A night with renowned New York Times columnist
Thomas Friedman will commence the eighth annual
Foreign Affairs
Symposium, a student-run series that each year brings
to the Homewood campus a celebrated group of high-powered
speakers to address matters of global importance.
This year's slate of lecturers — who hail from
the worlds of politics, academia and the media — will
address the topic Ideologies in Flux: Examining Divergent
Political Strains in Geopolitics.
Friedman will discuss "The Rising East: India and
China in the 21st Century," at 8 p.m. on Tuesday, Feb. 28,
in Shriver Hall Auditorium. The author of the runaway
best-seller The World Is Flat, he will address the
emergence of India and China as powerful players on the
world stage and how America might compete or cooperate with
these powers.
The Foreign Affairs Symposium was founded in 1998 with
the merging of the Woodrow Wilson International Studies and
the International Studies Forum symposia. It seeks to bring
distinguished individuals to campus who can talk on matters
of global concern to a large and diverse audience.

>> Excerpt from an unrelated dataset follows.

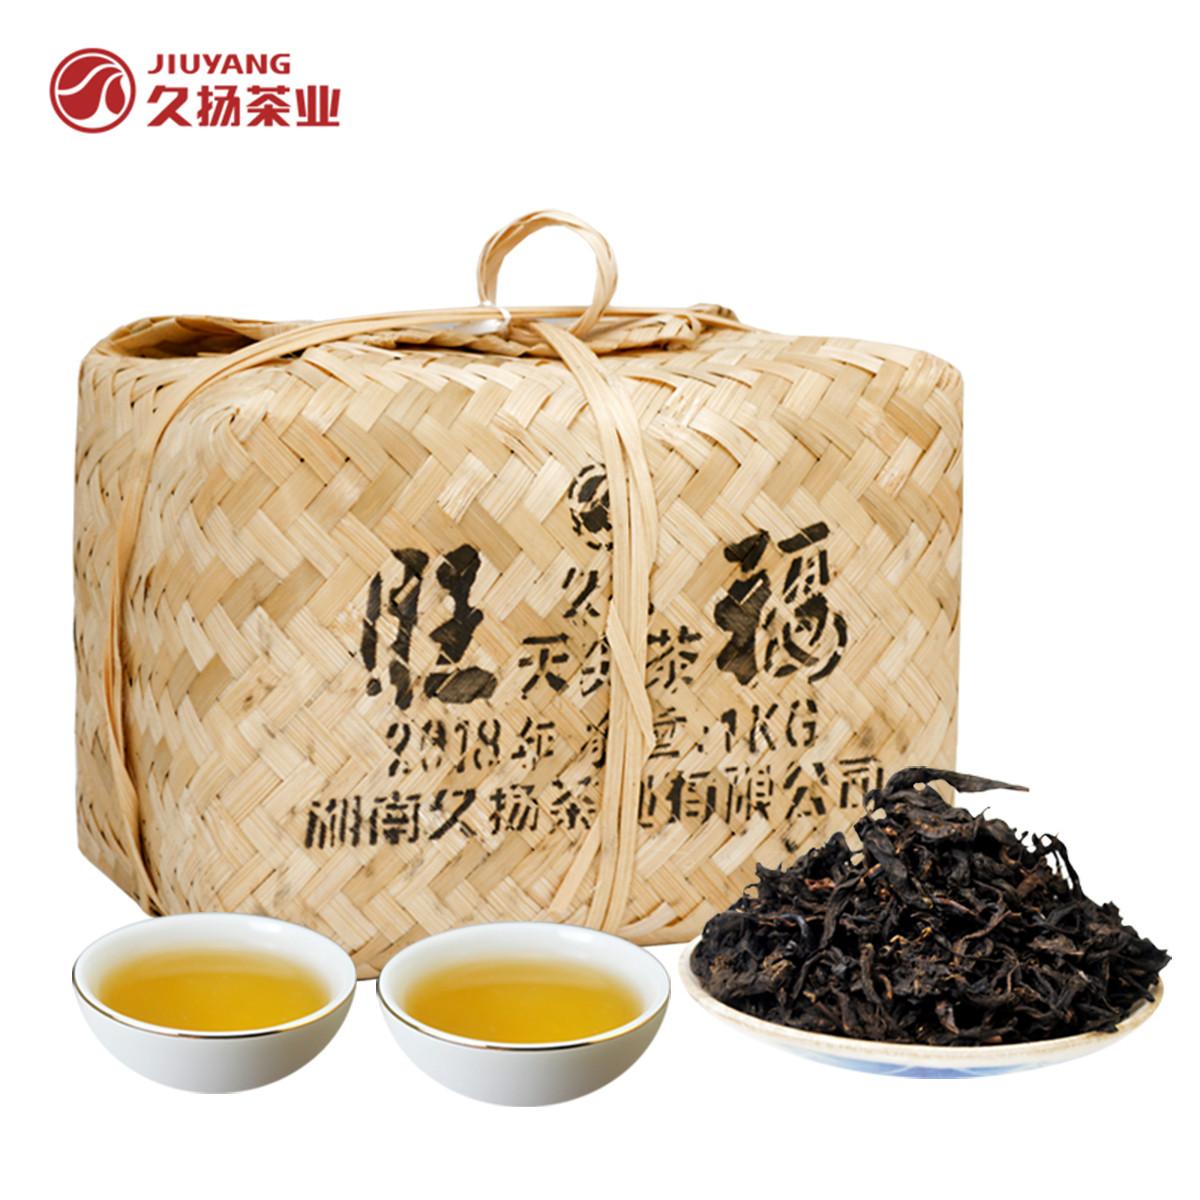 久扬 黑茶湖南安化黑茶 2018年旺福天尖散茶1kg

Also on this year's slate is Chris Matthews, host of
MSNBC's Hardball, who will discuss "War and the Media." His
talk, which has been rescheduled from a previously
announced time, will be at 8 p.m. on Monday, April 3, in
Shriver Hall.
At 8 p.m. on April 11, in Levering's Glass Pavilion,
Francis Fukuyama, the Bernard L. Schwartz Professor in
International Political Economy and director of the
International Development Program at SAIS, will address
"America at the Crossroads: Finding America's Role in a
Changing World." Fukuyama is the author of
Nation-Building: Beyond Afghanistan and Iraq,
recently published by the Johns Hopkins University Press,
and America at the Crossroads: Democracy, Power and the
Neoconservative Legacy, due out in March from the Yale
University Press.
Dennis Ross, Middle East special envoy under
Presidents George H.W. Bush and Bill Clinton, will discuss
"A Struggle for Peace: The Future of Israel and the
Palestinian People" at 8 p.m. on April 26 in Levering's
Glass Pavilion. Ross is now counselor and Ziegler
distinguished fellow of the Washington Institute for Near
East Policy, and he serves as the first chairman of a
Jerusalem-based think tank, the Institute for Jewish People
Policy Planning, funded and founded by the Jewish Agency.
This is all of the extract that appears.